Не понимая, что происходит, Егор вернулся к костру, рассказал о поведении Симы товарищам. Предугадывая какое-то неприятное событие, они хотели перебраться в зимовье, но так и замерли на месте. Из тайги вышел огромный бородатый детина. Высокого, больше двух метров роста, с широченными угловатыми плечами, длинными, едва не по колени ручищами с мясистыми, крючковатыми пальцами, кряжистыми ногами, он походил на лесное чудовище. Длинный череп с отвисшей челюстью, маленькие глазки с массивным, наплывшим на переносицу лбом, слегка сгорбленная фигура придавали ему полное сходство с гориллой. Медленная, тяжелая поступь и, казалось бы, неуклюжие покачивания тела таили могучую силу. По сравнению с ним братья Гуляевы были подростками. Остановившись в двух шагах, он приветствовал их глухим, утробным голосом:
— Здорово ночевали!
Шокированные его появлением, все подавленно смотрели, не зная, что делать. Первым с чувствами справился Василий. Тщательно подбирая слова, нервно выдохнул:
— И тебе не хворать.
— Иде хозяева? — плавно поворачивая голову из стороны в сторону, спросил тот.

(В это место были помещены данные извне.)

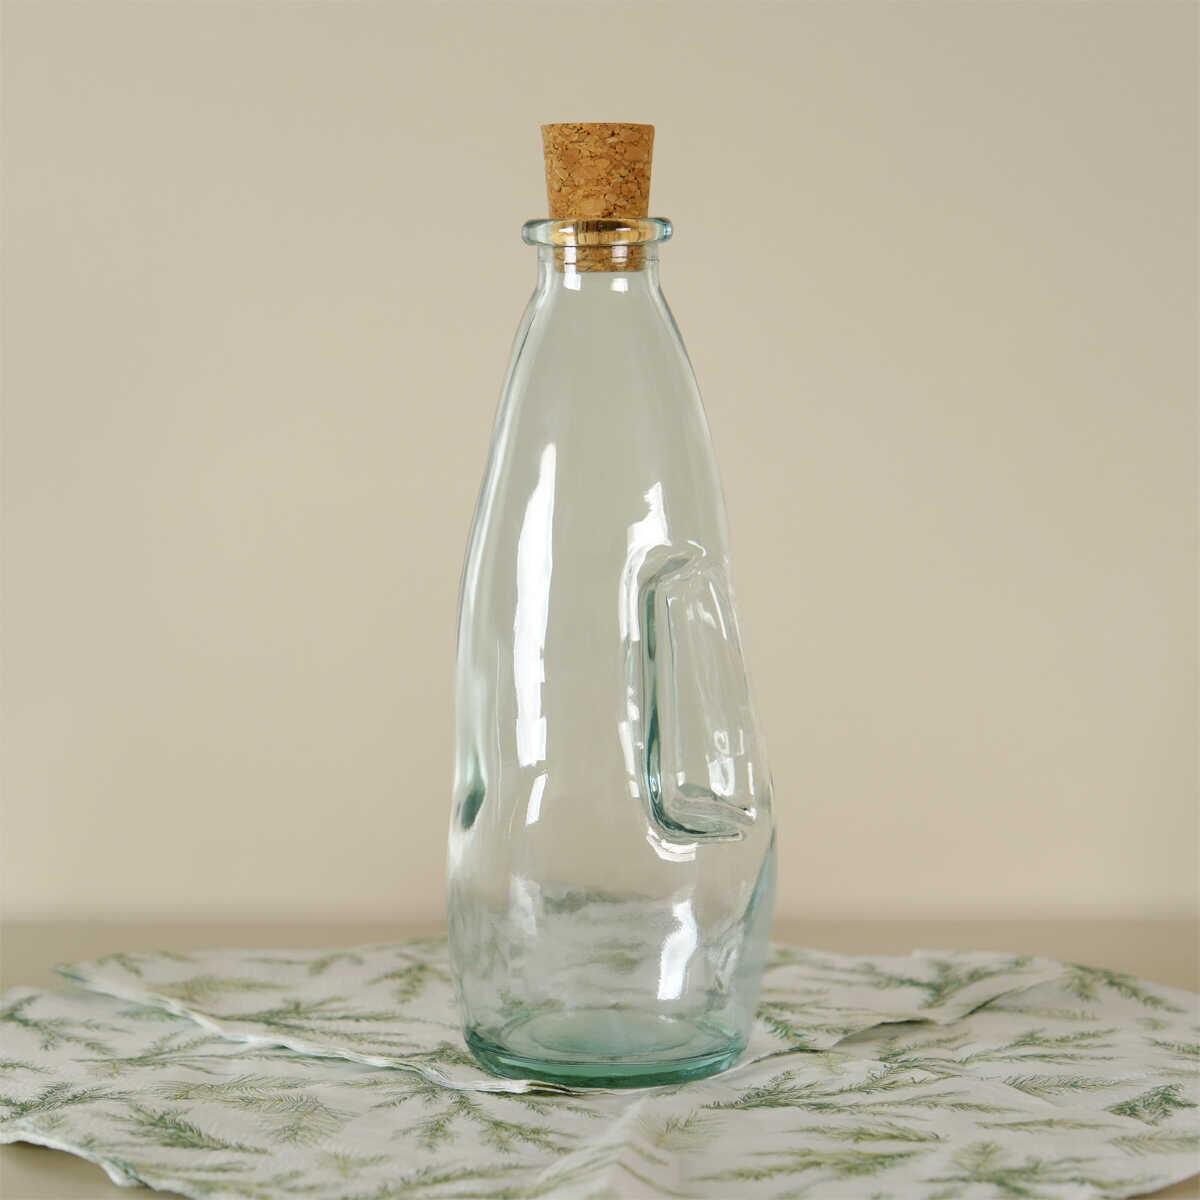 Sanmiguel Oil Vinegar Bottle 300 cc 2

— На прииск ушли, еще не вернулись, — лихорадочно соображая, что ответить, соврал Егор. — А ты кто таков будешь?
— Ванька я Иванов, — холодно выдавил гость дежурную фразу, подозрительно сверля присутствующих внимательным взглядом. Было очевидно, что он не желает называть себя.
— Что ты тут бродишь? — не зная, как быть, напряженно спросил Егор.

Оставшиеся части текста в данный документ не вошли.